Does it mean that everytime I need to change some config for prod I need to rebuild the whole project?
1

import config from '../../webpack.config.js' shouldn't be used in the application itself, it will cause ill effects (it is supposed to be used by Webpack) and won't provide necessary export.

externals: { 'config': ... } means that non-existing config module export is mapped to specified value.

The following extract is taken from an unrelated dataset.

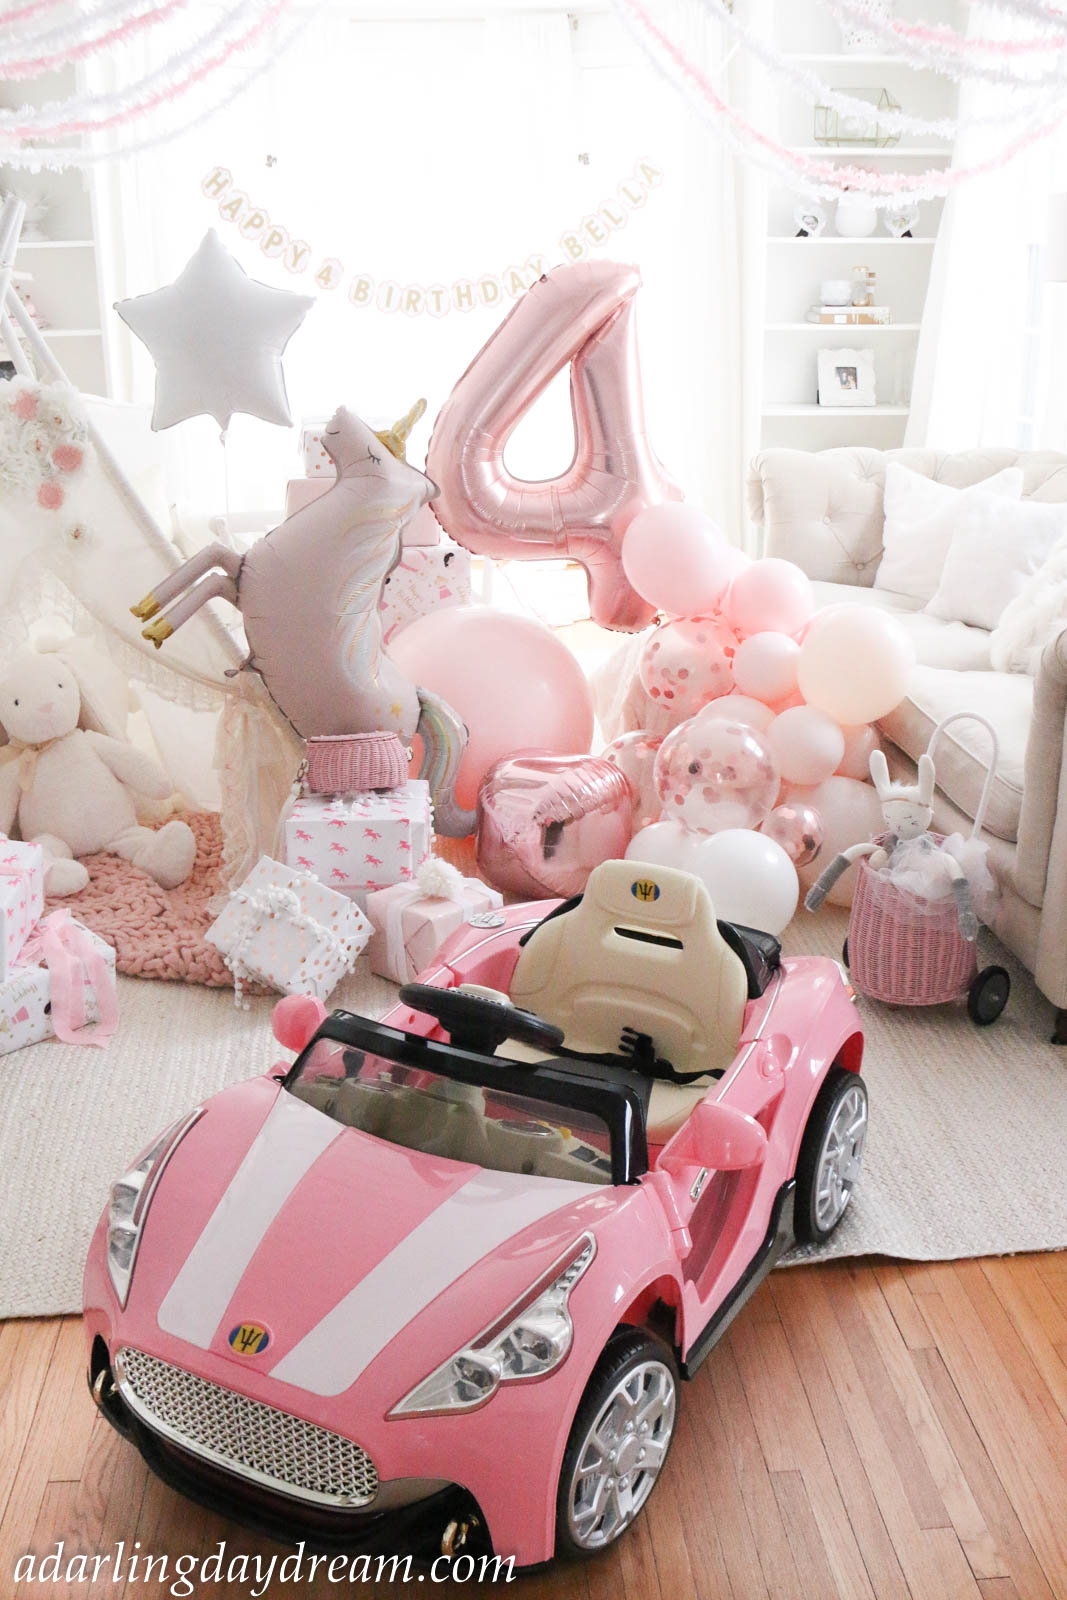 Bella-s-4th-Birthday-morning-surprise-17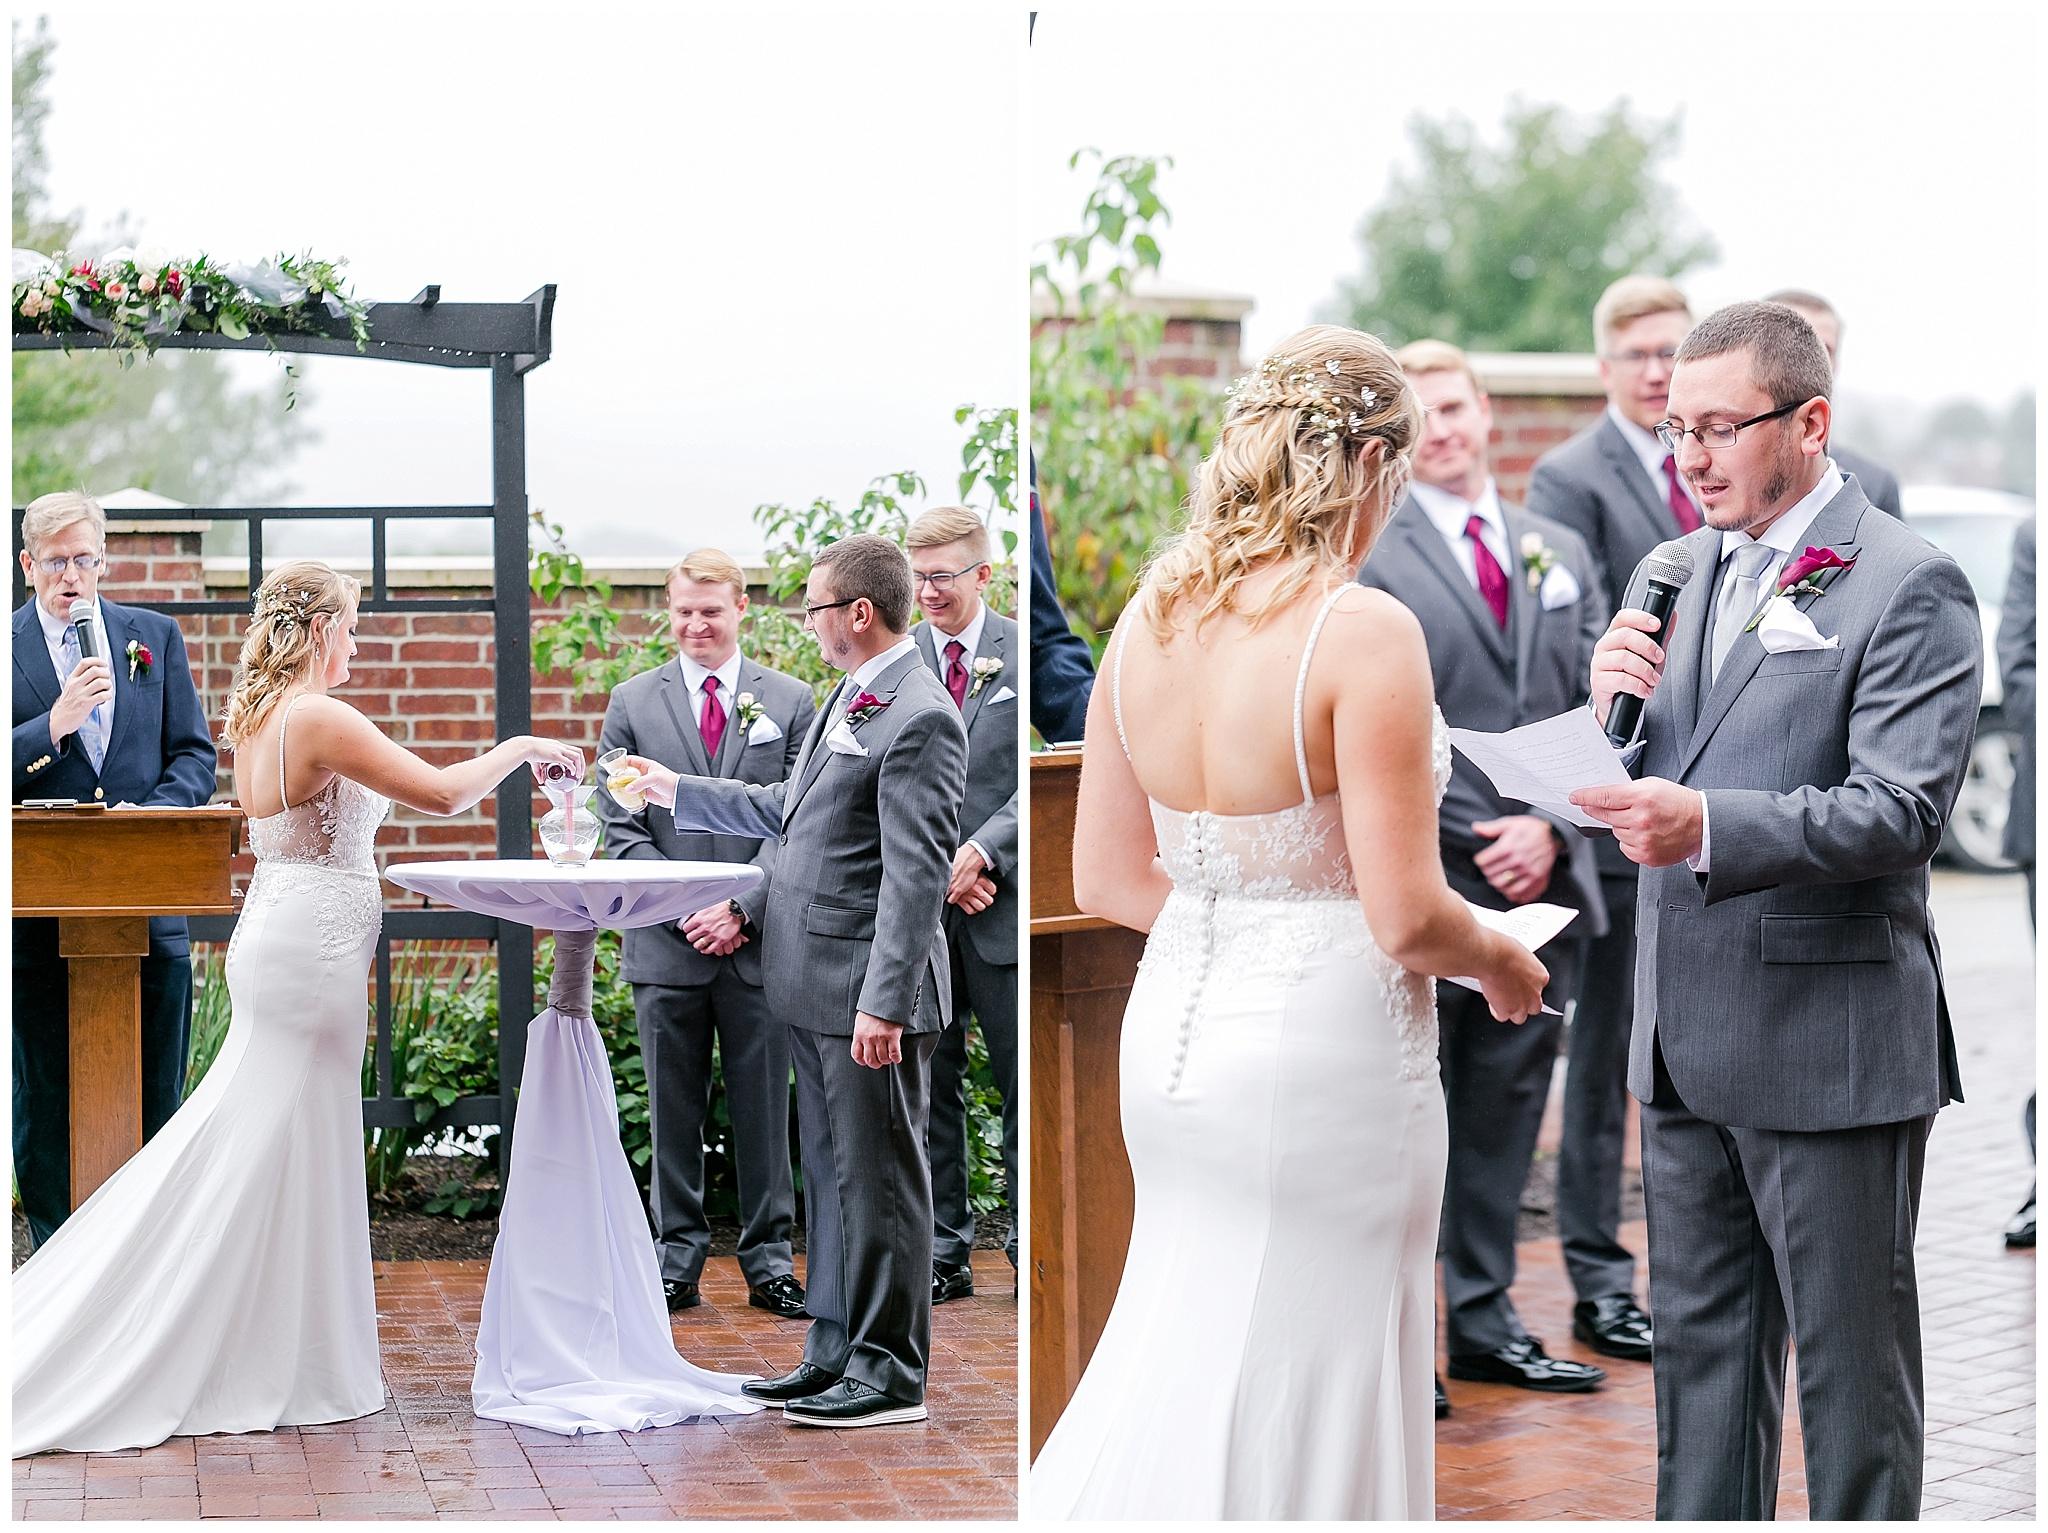 noahs_event_venue_sun_pairie_madison_wisconsin_wedding_photographers_0289.jpg

It is supposed to be used like:

import * as config from 'config';

A more conventional approach is to provide environment constant as a global and use it in real config.ts module.

4 Comments

Thanks for your reply. I am a bit confused here, may you please provide an example? In the documentation they set process.env.NODE_ENV: JSON.Stringify('production') in the config file and then they state 'Thus, conditionals like process.env.NODE_ENV === 'production' ? '[name].[hash].bundle.js' : '[name].bundle.js' within webpack configurations do not work as expected.'
This depends on how you set process.env.NODE_ENV . Docs mean that webpack -p doesn't automatically set NODE_ENV to 'production'. You have to do this manually like webpack -p --env production, see webpack.js.org/guides/environment-variables . See github.com/webpack/webpack/issues/2537 for more details, it's quite extensive. I usually don't have this problem because I use different config files for dev and prod that don't depend on NODE_ENV and set ENV global by hand, similarly to how another answer suggests.
Thanks, may you explain how you use different configs for dev and prod? I come from ASP.NET background and I am more familiar to this approach, even for maintenance purpose, since it is quite unconveniente to rebuild the whole project everytime I need to change some config, such as service url
@CiccioMiami I use them like shown here, stackoverflow.com/a/49408284/3731501 . Some parts that depend on environment should be done at build time, like enableProdMode(). If you want to be able to change some parts dynamically, you can request them through API. But generally, this is how Angular works. If you want to change a single HTML line, you need to rebuild the project.